The guy doesn't need to be breeding period. I think the appropriate answer comes down to a case by case basis. The guy was on the board when the first answers were being given and wasn't responding so it was clear he didn't like what we had to say.

Now if that one sentence you quoted had been my only answer than you are right, it wasn't a good response, but having thrown in more than that for him to read, it was appropriate. You could already get the feel that this guy didn't care what we had to say seeing how he was on the board reading posts while the first answers were being given but not responding.. and look what happened. Answers stating the actual correct time to breed were given and he ignores it all and says he is going to breed at 8 months.

I do agree with what you are saying but not everyone really comes here to learn and sometimes harshness, at least in my eyes, is appropriate.


----------



## rosesandthorns (Nov 1, 2008)

this guy is a fool anyhow. If he has papers on the dog and he breeds it at 8 months of age, he's not going to be able to get papers on the pups in most registeries. The dog is simply too young to breed at that age. The dog is not even fully grown until he's 18 months and not fully mature until about 3 years. What's the rush??? I don't understand why he thinks 8 mos. is a good age to breed. The dog is equal to about the age of a 10 year old boy. All hormones and not enough brains. Just like the op.


----------



## 9361 (Jun 25, 2009)

I really don't understand this fascination with breeding dogs. I grew up in a home where our female dogs were always spayed, and our 2 male dogs were intact, but never bred and always kept penned up or in the house and never escaped. Never saw a litter of pups from any dog I've owned.


----------



## StaffyDaddy (Mar 28, 2009)

Yeah I guess since youre gonna breed him at 8 months, the bitch will be young too, right after her first heat, and then you'll ask how to whelp a litter, or what to do if the bitch doesn't want to feed the pups, or isn't producing milk... and how to contact the ukc or adba and obtain papers for the littler... and once theyre all 4 weeks you'll probably put an online ad or two out, and ask again on this website if anyone wants some cute pups, youll probably get a couple of uneducated people to go for it, probably rip them off because your dogs didn't necessarily do anything to prove themselves worthy. its like people. people with criminal mindstates, lower iq's, health problems and deformities, they all breed so i guess you can't win em all


----------



## Chinadog (Sep 14, 2009)

Crash pups person said:


> This is the problem and the reason why people that ask question do not come back. Since when were we born with such knowledge? People need to simply ask these question so they KNOW when it is the appropriate time to breed? Im not being a jerk but that is really not the appropriate way to look at it. Imagine if everyone gave this answer then everyone would feel it is correct to breed within 2 years of age cause no one would get a straight answer!
> 
> Now comments like this:
> 
> ...


The answer I posted was already after everybody gave there two cents... why repeat the same thing!

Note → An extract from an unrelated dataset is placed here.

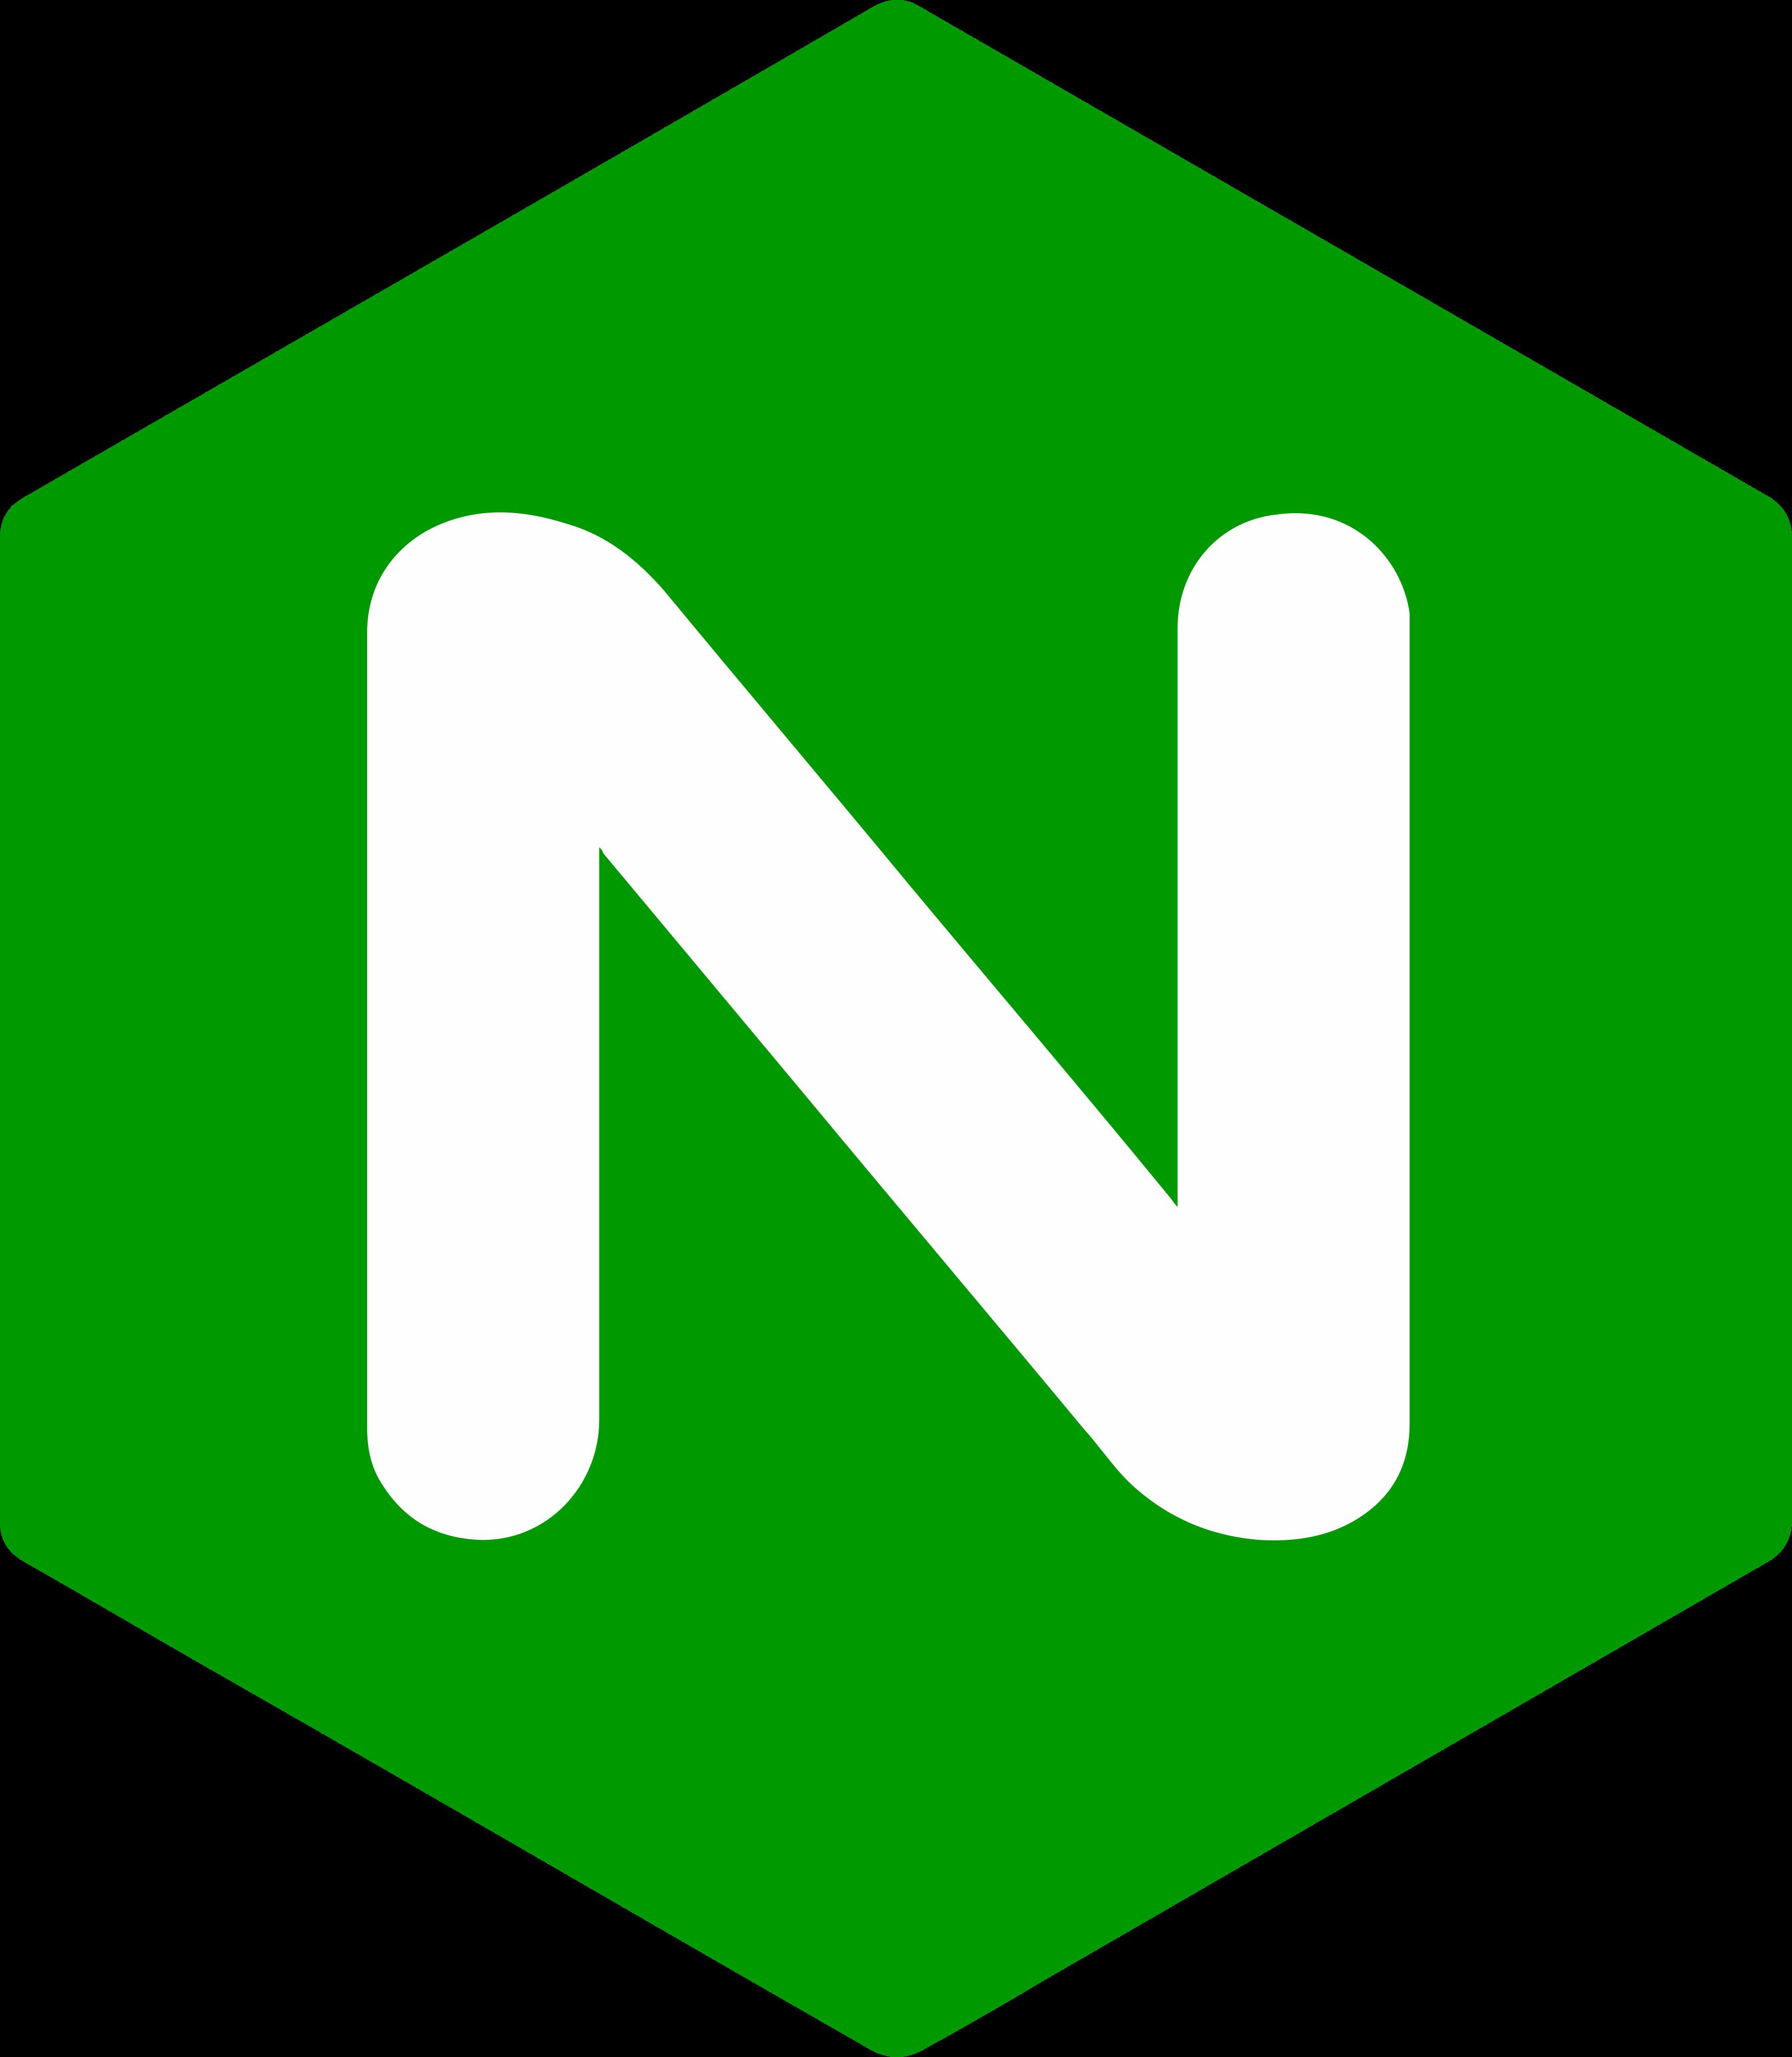 nginx-logo-1

And that is imo sorry if you dont like it but im not going to sugarcoat something, he asked everybodies answered and supposedly hes gonna be breeding his puppy so go ahead and start educating!


----------



## 9361 (Jun 25, 2009)

StaffyDaddy said:


> Yeah I guess since youre gonna breed him at 8 months, the bitch will be young too, right after her first heat, and then you'll ask how to whelp a litter, or what to do if the bitch doesn't want to feed the pups, or isn't producing milk... and how to contact the ukc or adba and obtain papers for the littler... and once theyre all 4 weeks you'll probably put an online ad or two out, and ask again on this website if anyone wants some cute pups, youll probably get a couple of uneducated people to go for it, probably rip them off because your dogs didn't necessarily do anything to prove themselves worthy. its like people. people with criminal mindstates, lower iq's, health problems and deformities, they all breed so i guess you can't win em all


That's not nice to say about people Oz. :rofl::rofl: True about the dog breeding though....


----------



## Sarah1975 (Nov 18, 2009)

This one might have been my fault folks, sorry. I was browsing around on Hoogly and saw an ad for pups. The ad BOASTED that the sire of the litter was just 8 months old and had his weight and bloodlines listed. I sent an email to the person (worded pretty tame and kindly) that suggested that the stud was too young. He sent me an email back saying that he had been breeding these dogs for years and had never had a problem, so I emailed him back and suggested that he visit this message board because I had learned quite a bit here. 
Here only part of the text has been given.